The roadside is littered with crushed packs of cigarettes, cans of soda, and half-eaten bags of rations.

One soldier reads a book on a makeshift toilet - an upturned can of ammunition - oblivious to the passing traffic.

Fresh-faced generation

Moving metre by metre, kilometre by kilometre, private fears remain unspoken. The soldiers do not say how they feel, they just say they want to "get the job done." They are moving forward and that is all that matters.

Many are teenagers straight out of training. Whatever deadly improvements technology has made to the weapons, wars have always been fought by this fresh-faced generation.

Sometimes they joke about the dangers they face. It is a black humour full of chilling harshness, but it helps. They will deal with the truth when they have time.

Sometimes troops come across smiling and waving Iraqi civilians, probably happier at the prospect of free food and water than the US and British invasion.

They live in ramshackle mud-huts. Adults, children and pets alike look malnourished.
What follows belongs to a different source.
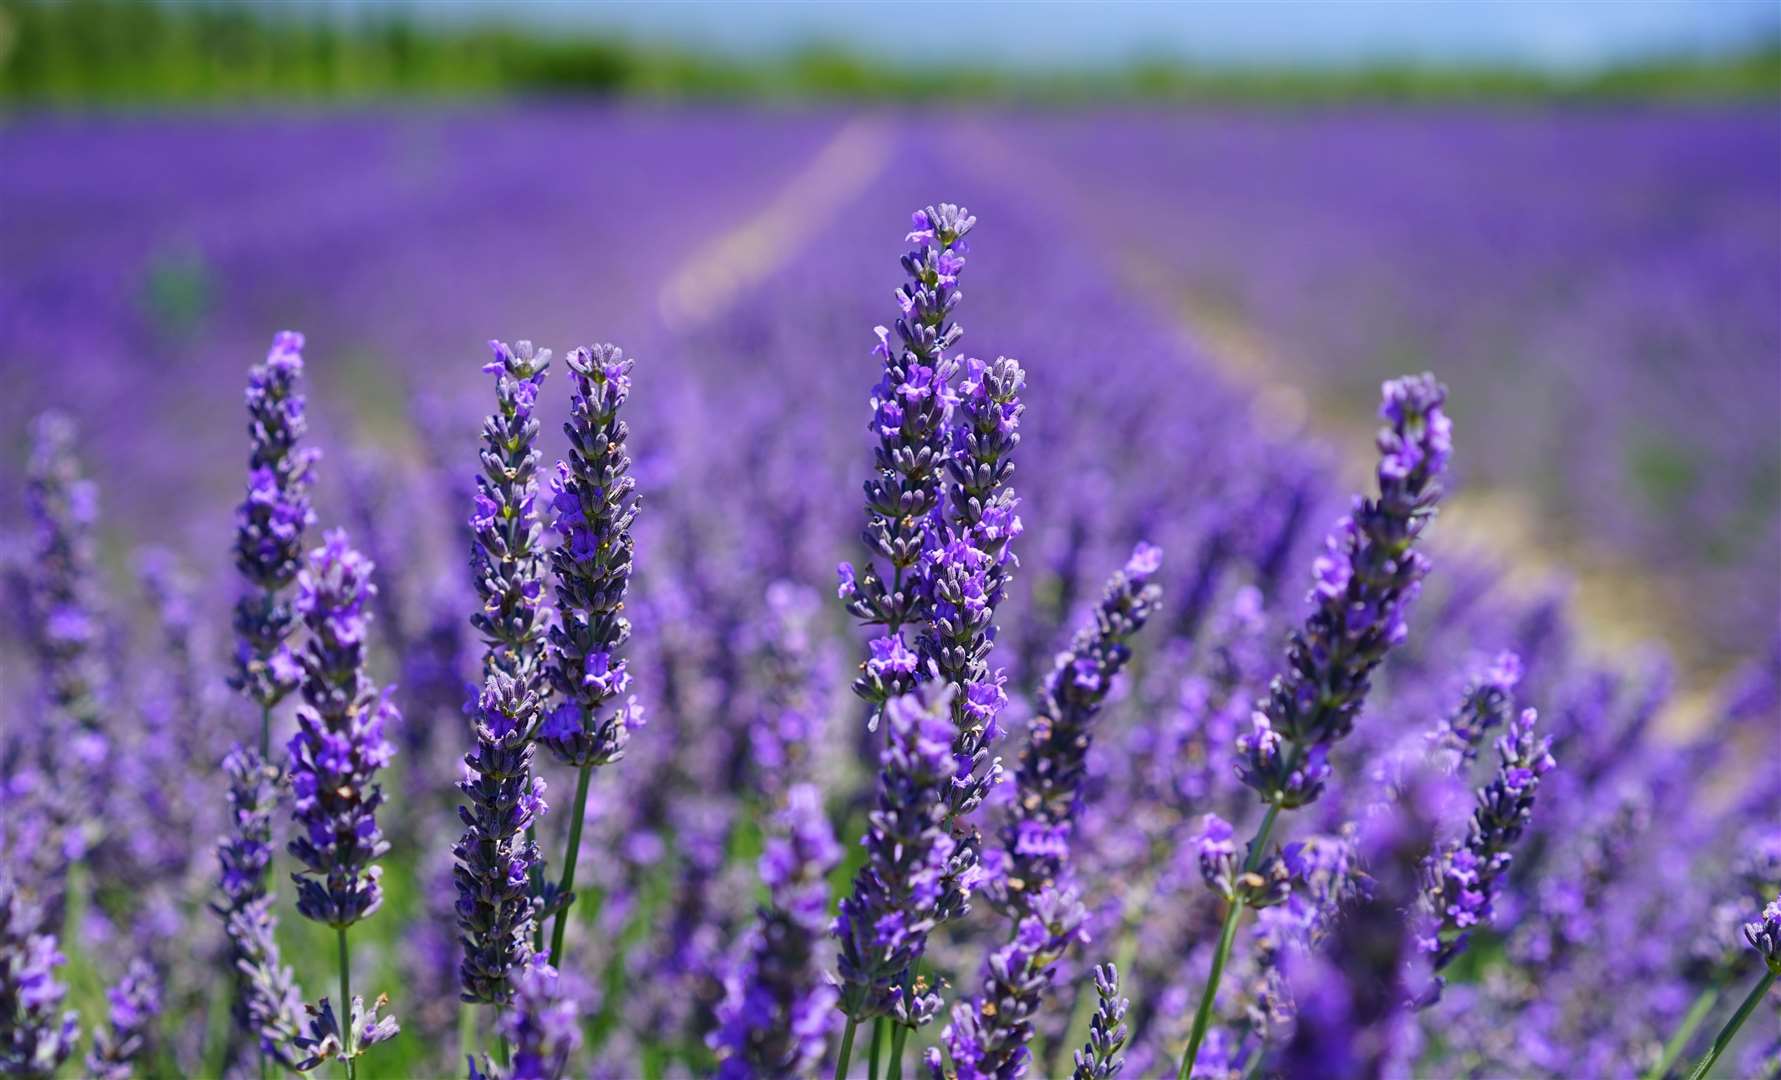 Beck Evans Farm is often open for seasonal events, including its lavender farm in the summer months. Picture: Beck Evans Farm

Their robes flap in the wind as if on coat hangers.

They make peace signs and point at their mouths.

Young POWs cry silently

And sometimes the Iraqis seen by reporters are prisoners of war, like dozens of men sitting cross-legged in the sand, heads bent forward, hands behind their backs, in various stages of physical and mental ruin.

Some of the younger prisoners cried silently to themselves, the tears making dirty lines down haunted faces. Their peers painted on blank expressions, as if only too accustomed to the privations of war.

Some of them may have seen service in all of the last three decades: the strength-sapping Iran-Iraq war of the 1980s, the Kuwait invasion and subsequent expulsion of 1990-91 and finally this present and final stand by Saddam.

This war might - just might - end their fighting years for good.